You would often reach for a t-test for this analysis. But we can also compute the mean difference between the groups and its confidence interval. Here’s how we would proceed with the statpsych pacakge for R:

if (!require("statpsych")) install.packages("statpsych")
Loading required package: statpsych
statpsych::ci.mean2(
  alpha = 1 - 0.95,     # For 95% CI, we specify alpha = 0.05
  m1 = 2700,
  m2 = 3500,        
  sd1 = 550,
  sd2 = 500,
  n1 = 6,
  n2 = 6
)
                             Estimate       SE         t        df          p
Equal Variances Assumed:         -800 303.4524 -2.636328 10.000000 0.02489034
Equal Variances Not Assumed:     -800 303.4524 -2.636328  9.910515 0.02506589
                                    LL        UL
Equal Variances Assumed:     -1476.134 -123.8660
Equal Variances Not Assumed: -1476.962 -123.0376

You can see the effect size (-800) both for when we assume equal variance (as in a standard t-test) and for when we drop that assumption (as is done in a Welch’s t-test). There are good arguments that we should always prefer not to assume equal variance (when variances actually are equal, both approaches yield about the same results, when variances are not equal we really need to analyze it that way… so why not just default to always avoiding the assumption?). So, unless you have specific reasons or pre-registered your analyses, it is a good practice to use the estimate without equal variance assumed.

From this output, we see Mdiff = -800 95% CI[-1476, -123]. Again, we should treat the entire CI (and even values beyond it) as reasonable/compatible with the data (at least in the absence of other evidence).

Note that statpsych also emits the corresponding t-test, which we could also report. The t-test and the confidence interval have an exact correspondance: p will always be less than .05 when the 95% CI does not include 0 (as is the case here); p will always be >= .05 when the 95% CI does include 0. We could make the same statements about the p boundary of .01 and a 99% CI, and .1 with a 90% CI, etc.
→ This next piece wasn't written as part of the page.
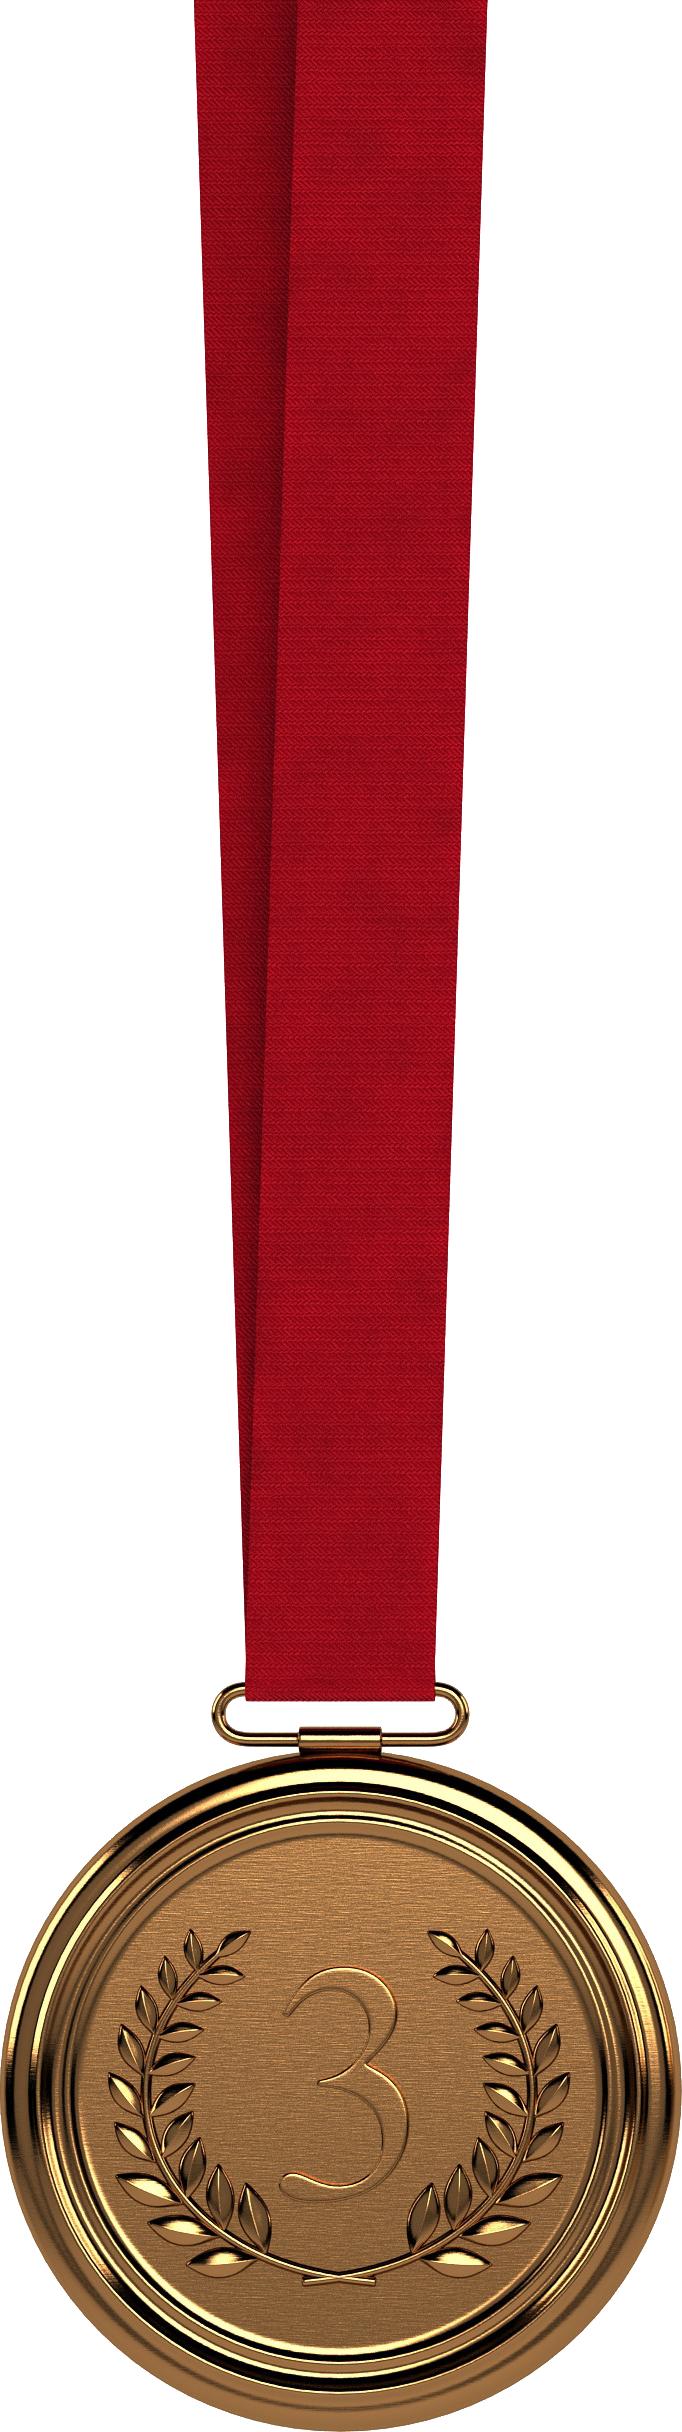 Бронзовая медаль PNG

What this means, overall, is that the test and the estimate are from the same model, same data, and will always have corresponding results: from the confidence interval you know if the finding is statistically significant; from the p value you know if 0 is in the confidence interval. Because the confidence interval tells you about significance and more there are many who believe we could get by with only reporting the effect size and confidence interval.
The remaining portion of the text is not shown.